#### [To do]
An exact transcription of all the data is required, with every image removed.

#### [Given material]
◆ ◆ ◆
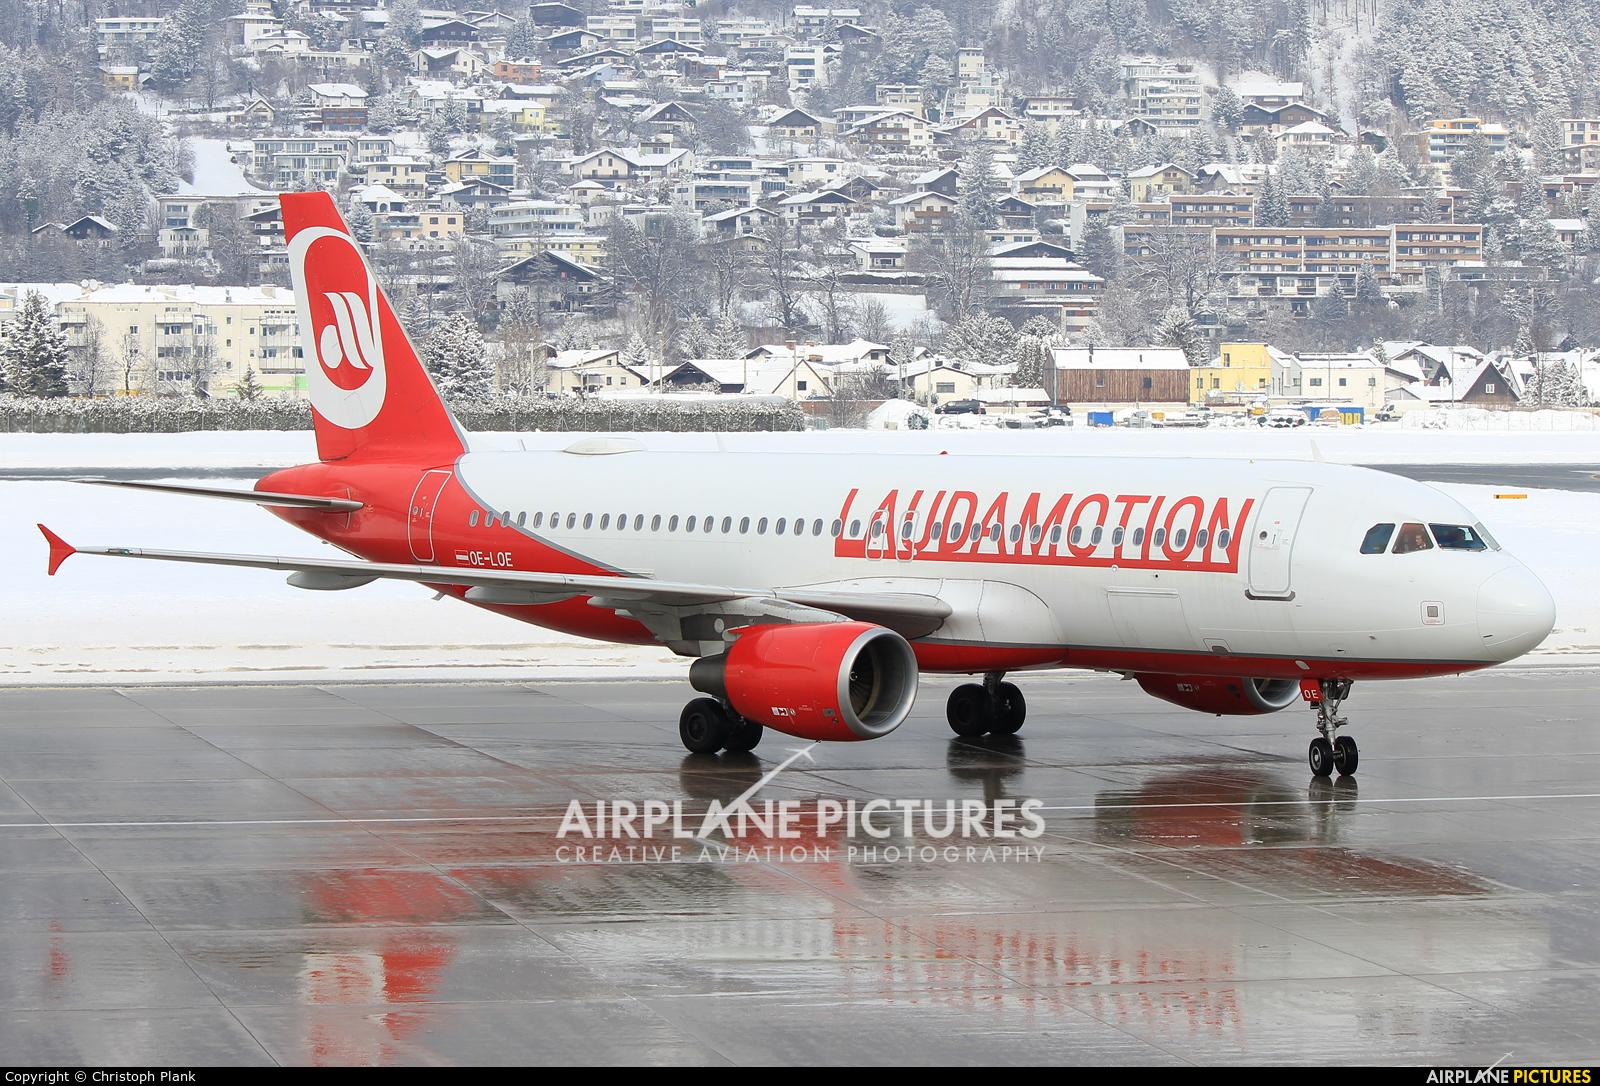 LaudaMotion OE-LOE aircraft at Innsbruck
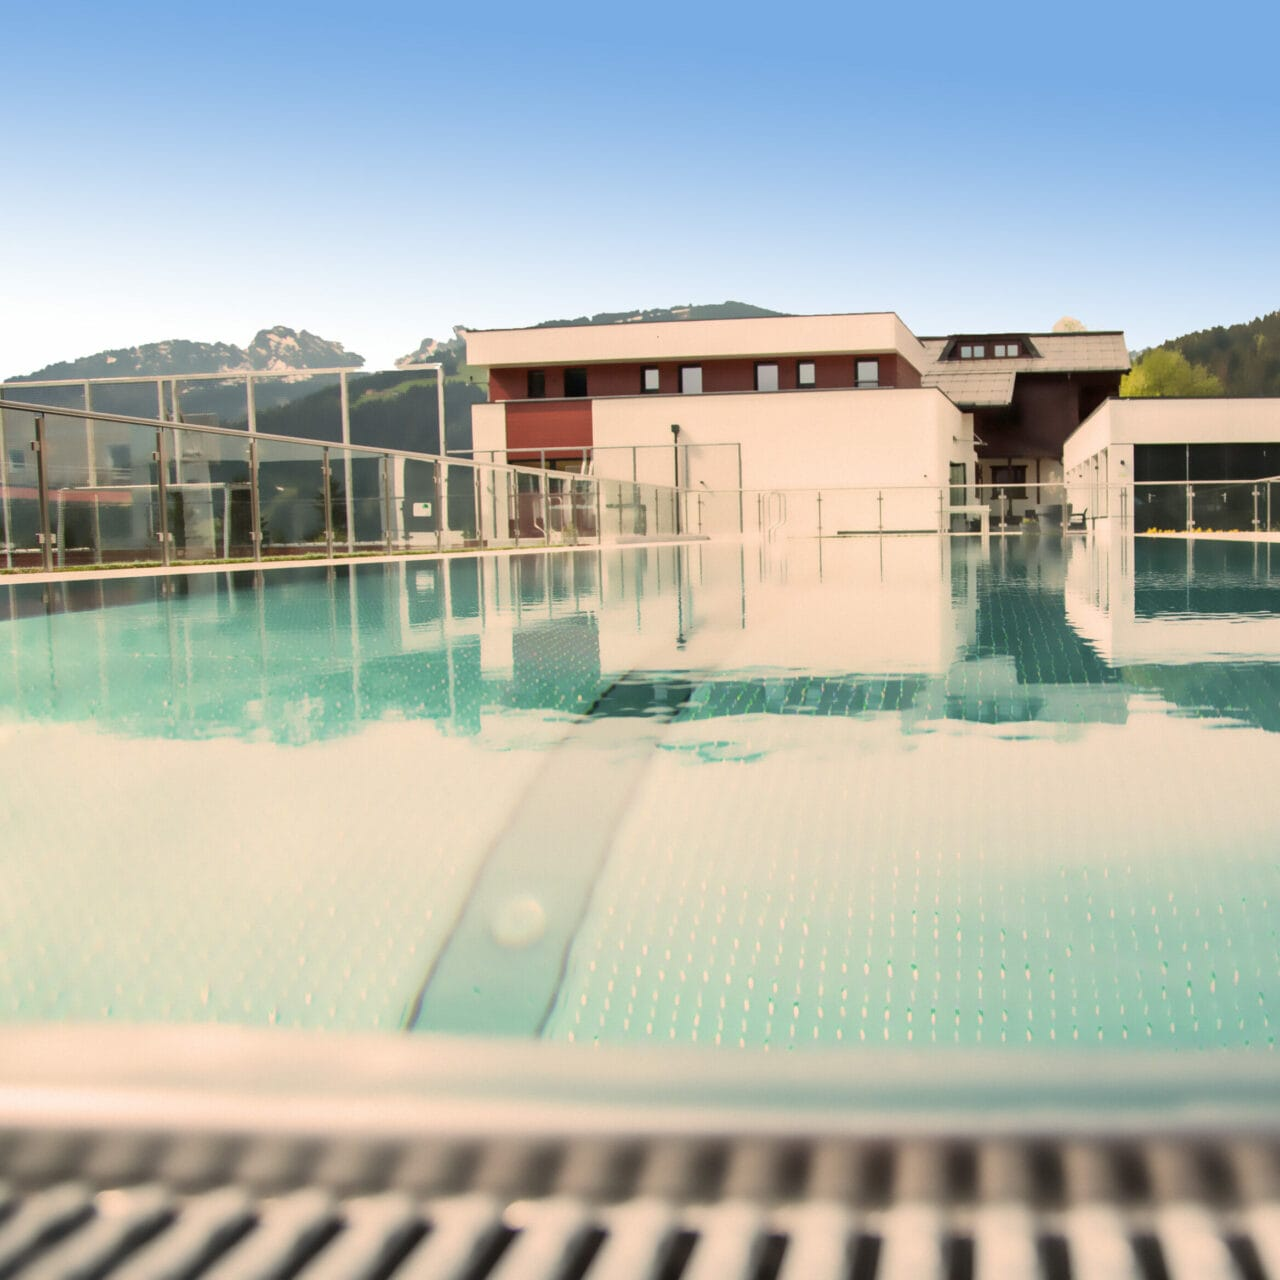 Hofgut-Apartment-lifestyle-resort-in-und-outdoorpools-sportbecken-totale2
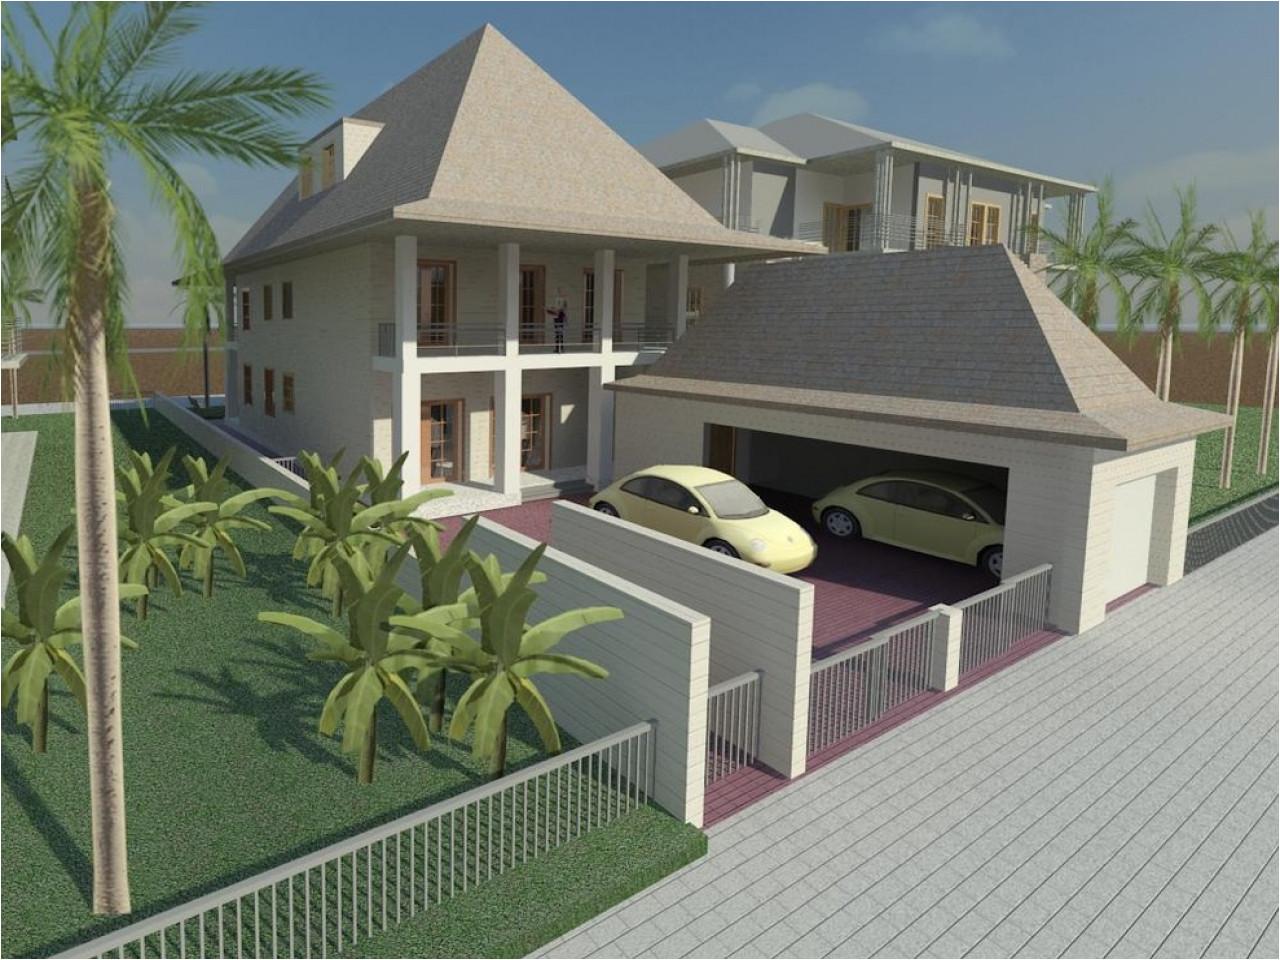 d6f6ed72e98c4b52 rosemary beach beachfront rentals rosemary beach florida house plans
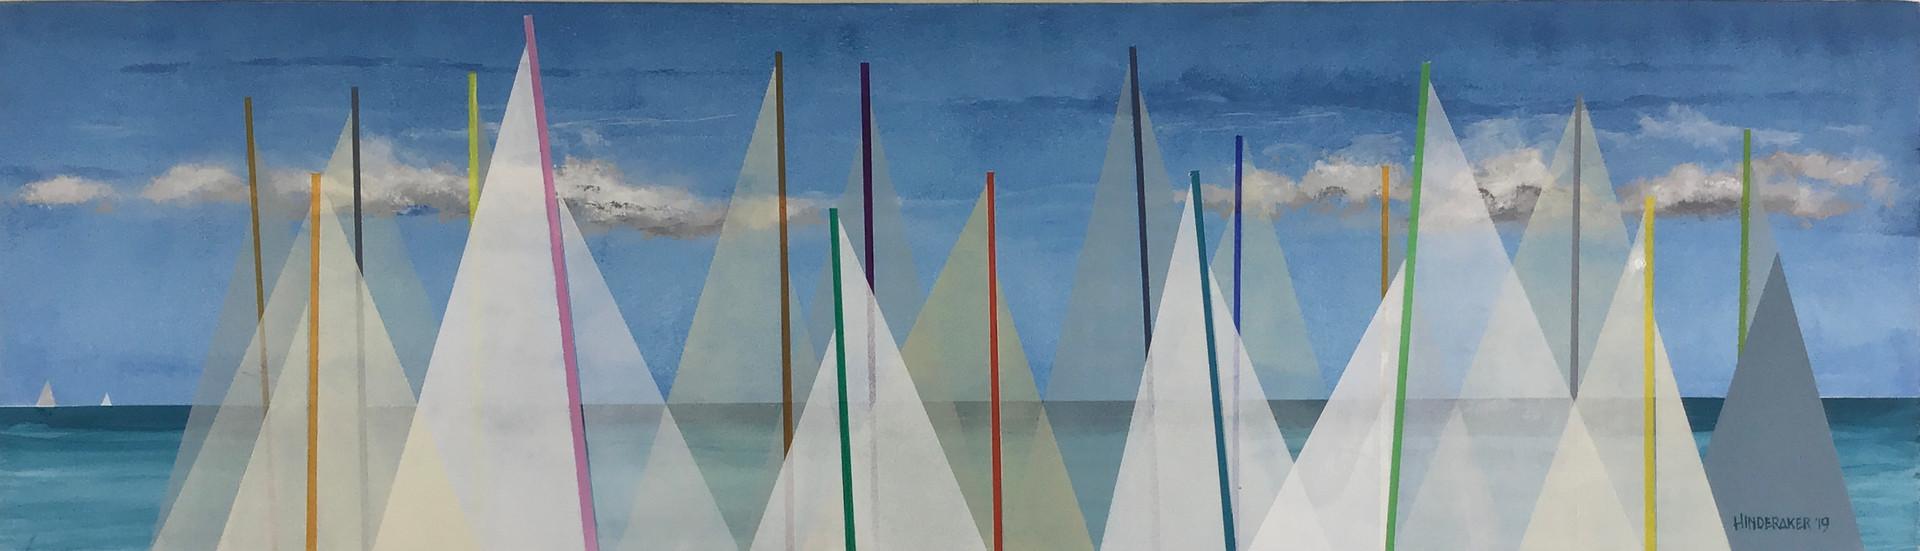 Sails #199
◆ ◆ ◆
#### [Reply to the task]
 LaudaMotion OE-LOE aircraft at Innsbruck
 Hofgut-Apartment-lifestyle-resort-in-und-outdoorpools-sportbecken-totale2
 d6f6ed72e98c4b52 rosemary beach beachfront rentals rosemary beach florida house plans
 Sails #199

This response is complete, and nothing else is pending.